Hoy existe una gigantesca coalición pro cambio en Cuba, que engloba a los más amplios sectores de la población y algunos del gobierno, dejando desmarcados a los pocos que se resisten a alterar el status quo. Unos promueven cambios para comenzar un nuevo capitulo en la historia nacional; otros para que no se llegue a cerrar el que hoy se vive. En ese contexto, Fidel Castro ha optado por ser el líder de la “micro fracción” opuesta al cambio.

La elite de poder en Cuba necesita asegurar la gobernabilidad y sabe que solo hay tres herramientas para ello: la represión, la cooptación –antes por medio de la adhesión ideológica y hoy por temor al “enemigo”- y la integración por vía de generar prosperidad cotidiana. Al hacerse crítica la necesidad de supervivencia, la gente puede llegar a perder el miedo a la represión e incluso al “enemigo”.

El gobierno necesita con urgencia vencer el escepticismo generalizado. También requiere un marco de distensión para que sus proyectos –aun si se tratase de reformas graduales y controladas- puedan prosperar. Es en este punto donde las iniciativas de algunos actores extranjeros involucrados en el conflicto cubano pueden complicar las cosas. Pero, ¿cuán “externo” es el origen de algunas de esas posibles complicaciones? El ahora anciano, pero incorregible caudillo, pudiera estarse dedicando a alentar sucesos que descarrilen sus proyectos.

Según ha declarado el Presidente Hugo Chávez fuentes de inteligencia venezolanas y “de otros países” le han alertado de una inminente agresión colombiana y ha movilizado por ello a su maquinaria de guerra para enfrentarla. Dudo que esas fuentes –si realmente existen- sean ecuatorianas, bolivianas, nicaragüenses, iraníes, chinas, o incluso cubanas. Un examen serio de las actuales circunstancias del gobierno colombiano, del contexto regional y de la sobrecargada agenda de la actual Administración en la Casa Blanca, -cuando se aproxima una elección presidencial y una recesión en ese país-, no permitirían a ningún analista llegar a tan arriesgada conclusión aunque tuviese indicios aislados que le preocupasen.

El Presidente venezolano fue más lejos aun. Ya está, virtualmente, en pie de guerra. Sus acciones podrían ser tomadas de ese modo por otros. Movilizó a sus fuerzas armadas y pidió a los países de la región que retirasen sus fondos de los bancos de EEUU cuando ese país está en la antesala de una recesión.
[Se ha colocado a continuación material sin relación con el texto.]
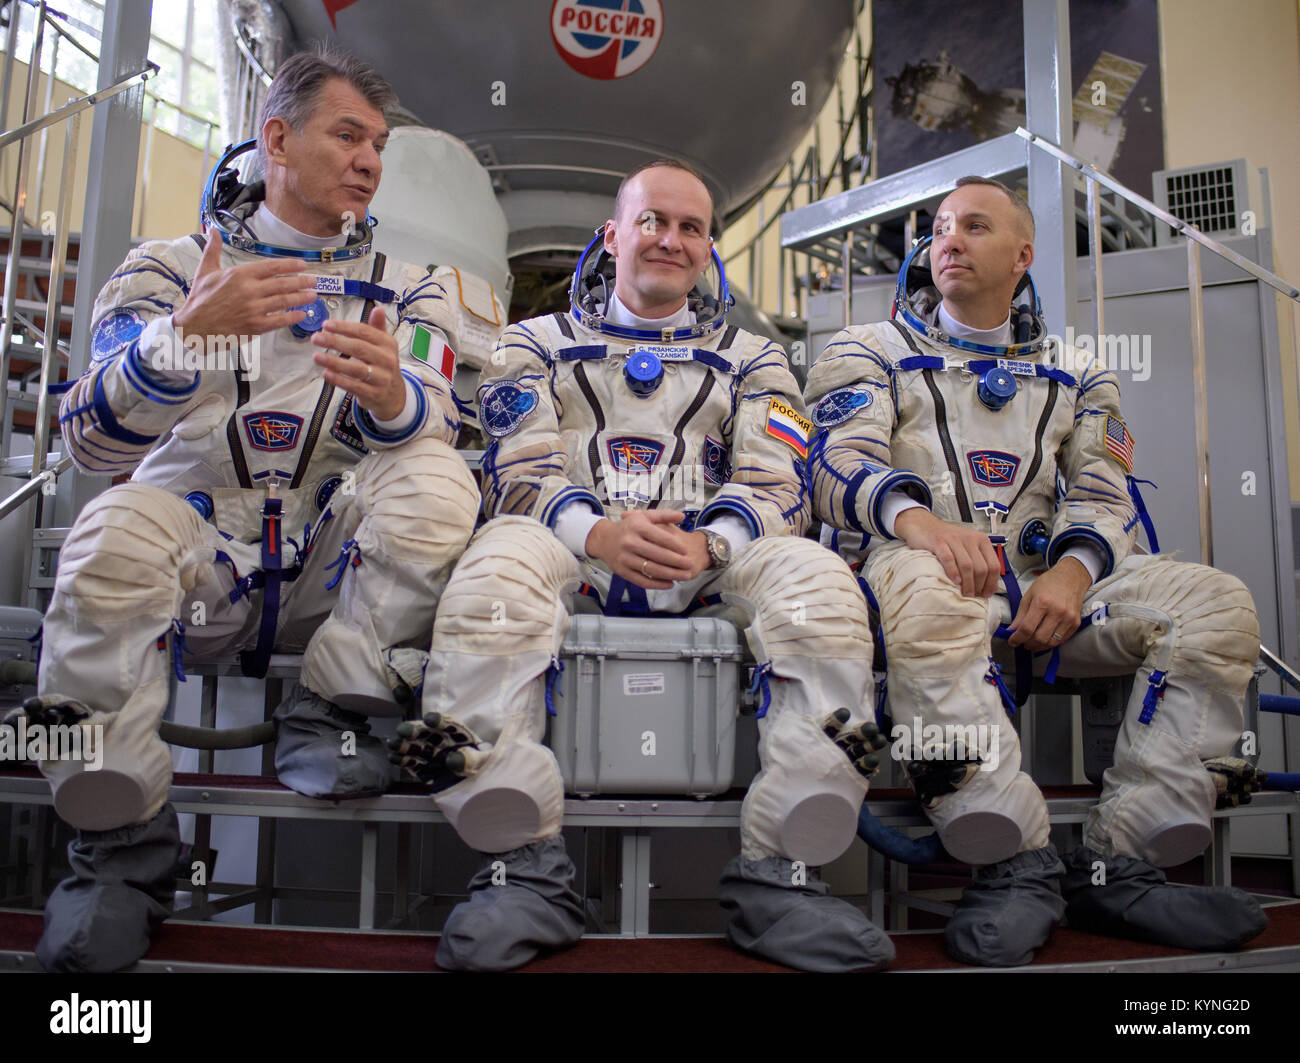 Expedition 52 flight engineers Paolo Nespoli of ESA, left, Sergey Ryazanskiy of Roscosmos, and Randy Bresnik of NASA answer questions from the press outside the Soyuz simulator ahead of their final Soyuz qualification exam, Friday, July 7, 2017 at the Gagarin Cosmonaut Training Center (GCTC) in Star City, Russia. Photo Credit: (NASA/Bill Ingalls) Stock Photo

También reclamó a los gobiernos del ALBA que integrasen con urgencia sus fuerzas militares y de inteligencia. “Si se meten con uno de nosotros se meten con todos”. Y poco después declaraba que si la oposición en Venezuela lograba ganar las alcaldías en las elecciones previstas para dentro de unos meses, el “2009 sería el año de guerra”. No satisfecho con todo eso, aseveró que “Si a Hugo Chávez le toca entregar el gobierno en 2013, no lo hará a un contrarrevolucionario, porque si no, vendría la guerra”. Más claro ni el agua: el resultado del recién celebrado referéndum ya puede considerarse cuestionado. Como todo aquel que presente una candidatura contra la suya –sea comunista o anticomunista- es para él un contrarrevolucionario, el presidente venezolano ha venido a declarar sin ambigüedad posible que no entregara a nadie el poder. Qué relevancia tiene perder un referéndum cuando bastan las bayonetas (“vendría la guerra”).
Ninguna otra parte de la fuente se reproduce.